En septembre 2006, la première conférence de l’association « Patrimoine de Saint-Mard » (APSM) était consacrée à la « Charité » de Saint-Mard-de-Réno. Durant plus de quatre siècles en effet, cette institution mi-religieuse, mi-laïque a profondément marqué la vie de notre communauté villageoise. Et pourtant, qui se souvient de la confrérie qu’évoque Madame Mélina dans ses mémoires : « C’était une société composée d’hommes de bonne volonté, ayant un règlement qui les obligeait d’assister à la messe le premier dimanche du mois en tenue. Ils avaient un uniforme ; ils prenaient part à la procession avec leurs torches allumées et leur bannière…Ils faisaient l’office de « porteurs » aux enterrements avec leur brancard, se tenaient près de la bière pendant la cérémonie et sonnaient les cloches tout le temps que durait l’office et reprenaient la conduite au cimetière. » ? Les quelques lignes qui suivent contribueront, je l’espère, à rappeler ce pan d’une histoire encore récente, puisque la « Charité » n’a cessé son activité qu’au tout début des années 1900.

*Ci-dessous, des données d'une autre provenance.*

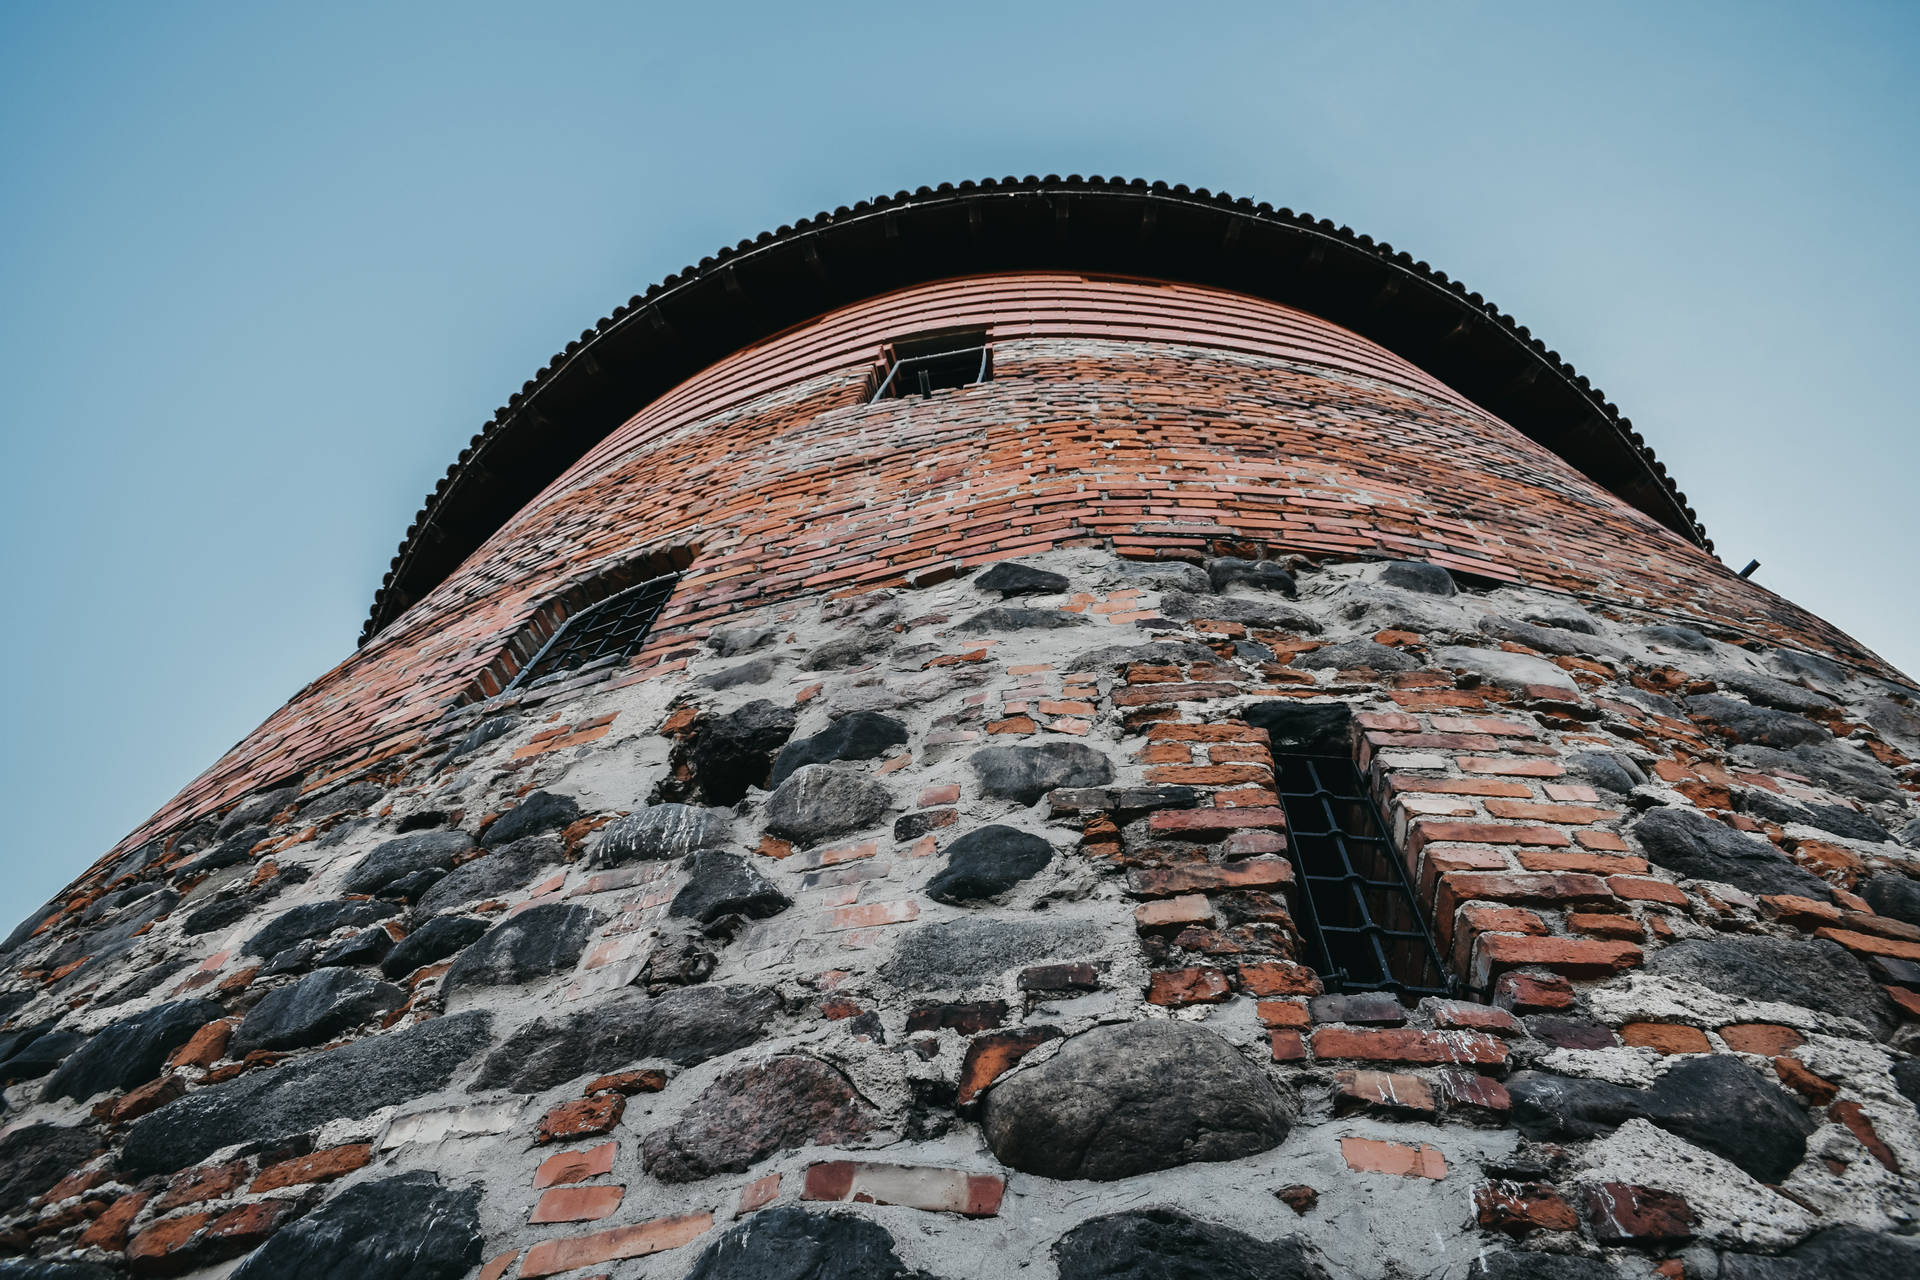 View Of Brick Tower In Lithuania

Il n’est pas visible au premier coup d’oeil, le « chariton » à la mine réjouie qui orne la frise de la poutre sablière du choeur de l’église Saint-Médard, côté Nord (à gauche) : il faut en effet bien régler ses jumelles ou son télé-objectif pour l’identifier, le cou enfoncé dans un « rabat » (col à deux pans), agitant ses « tintenelles » (ses cloches), face à la représentation du Pélican, nourrissant ses oisillons affamés de ses entrailles, symbole de la charité. Avec les ornements de la confrérie, les torches, les bannières et les draps mortuaires, protégés au titre des monuments historiques, il constitue une trace exceptionnelle de l’activité de l’association caritative, vouée au service funéraire mais aussi à l’assistance et à la bienfaisance, en des temps où n’existaient ni pompes funèbres, ni sécurité sociale, ni assurances.

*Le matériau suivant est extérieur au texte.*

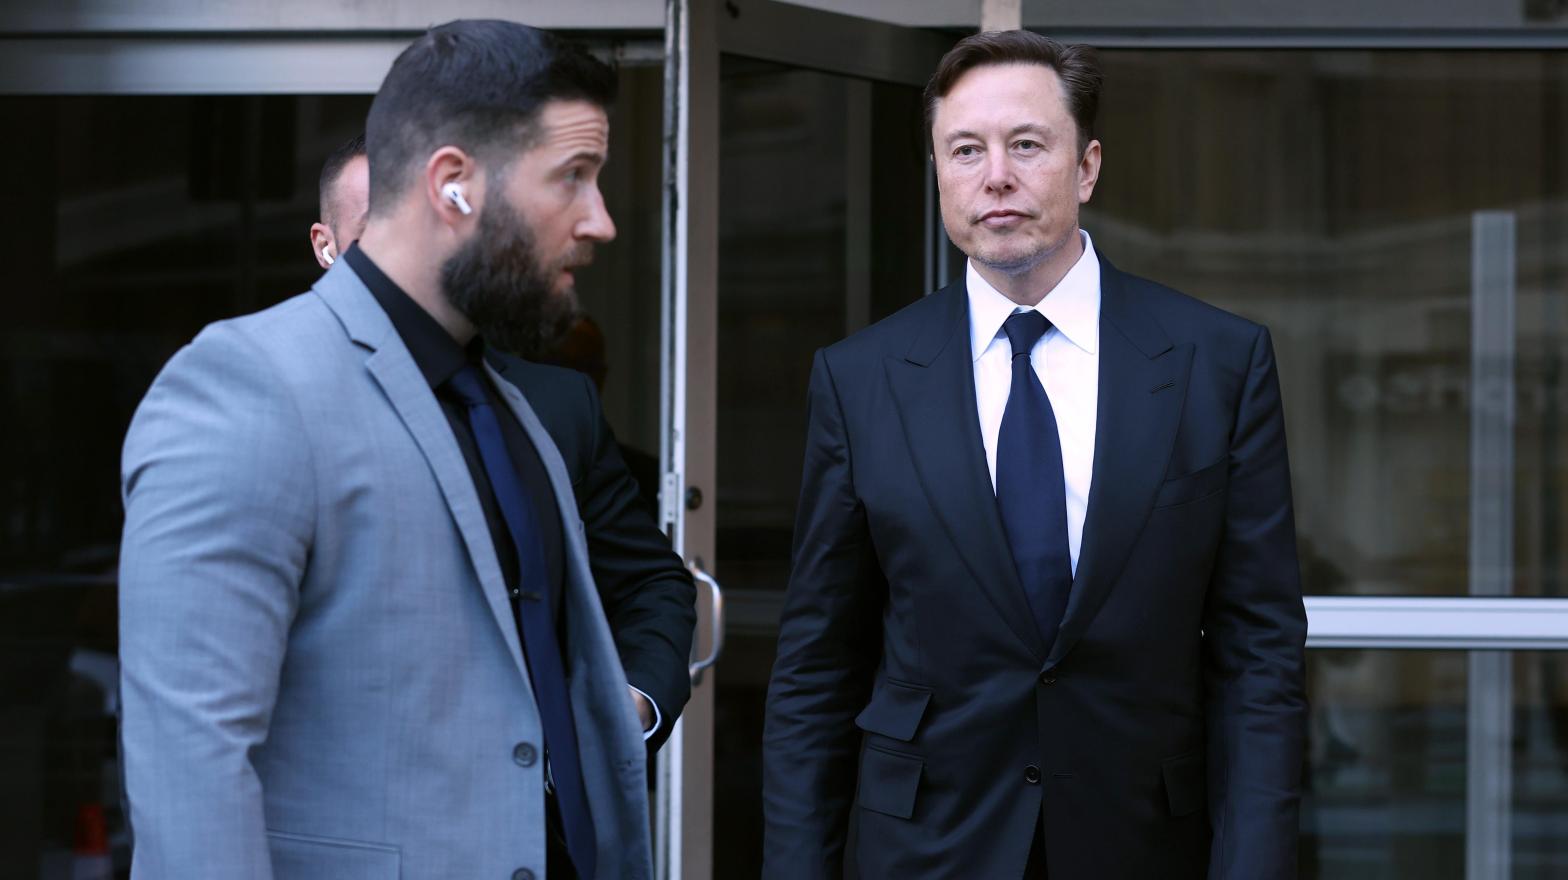 Tesla CEO Elon Musk leaves the Phillip Burton Federal Building on January 24, 2023 in San Francisco, California. Musk testified at a trial regarding a lawsuit that has investors suing Tesla and Musk over his August 2018 tweets saying he was taking Tesla private with funding that he had secure (Photo: Justin Sullivan, Getty Images)

Qu’est-ce en fait qu’une « charité » ? Sous ce terme, on désigne une fraternité ou « frairie » laïque, liée à une ou plusieurs paroisses (sachant qu’avant la Révolution et avant la création de la commune, la paroisse résume à elle seule la collectivité territoriale). Son fonctionnement interne est régi par des statuts et un règlement, et elle vit de cotisations, dons et legs, tout comme une association contemporaine. Présidée par un échevin, elle est composée de 12 à 18 membres, dont un « prévôt » (trésorier), parfois un « greffier » ou « mémoire » (secrétaire). Ces responsables ne sont pas élus, mais nommés pour un an. Les charitons ne se recrutent pas seulement chez les notables de la paroisse, même si l’échevin, le prévôt et le greffier (qui doivent savoir lire et compter) en font généralement partie : il s’agit pour la plupart de bénévoles issus de milieux divers, animés d’une réelle volonté de secours mutuel, que les « anciens » de la confrérie sont venus recruter pour leurs qualités.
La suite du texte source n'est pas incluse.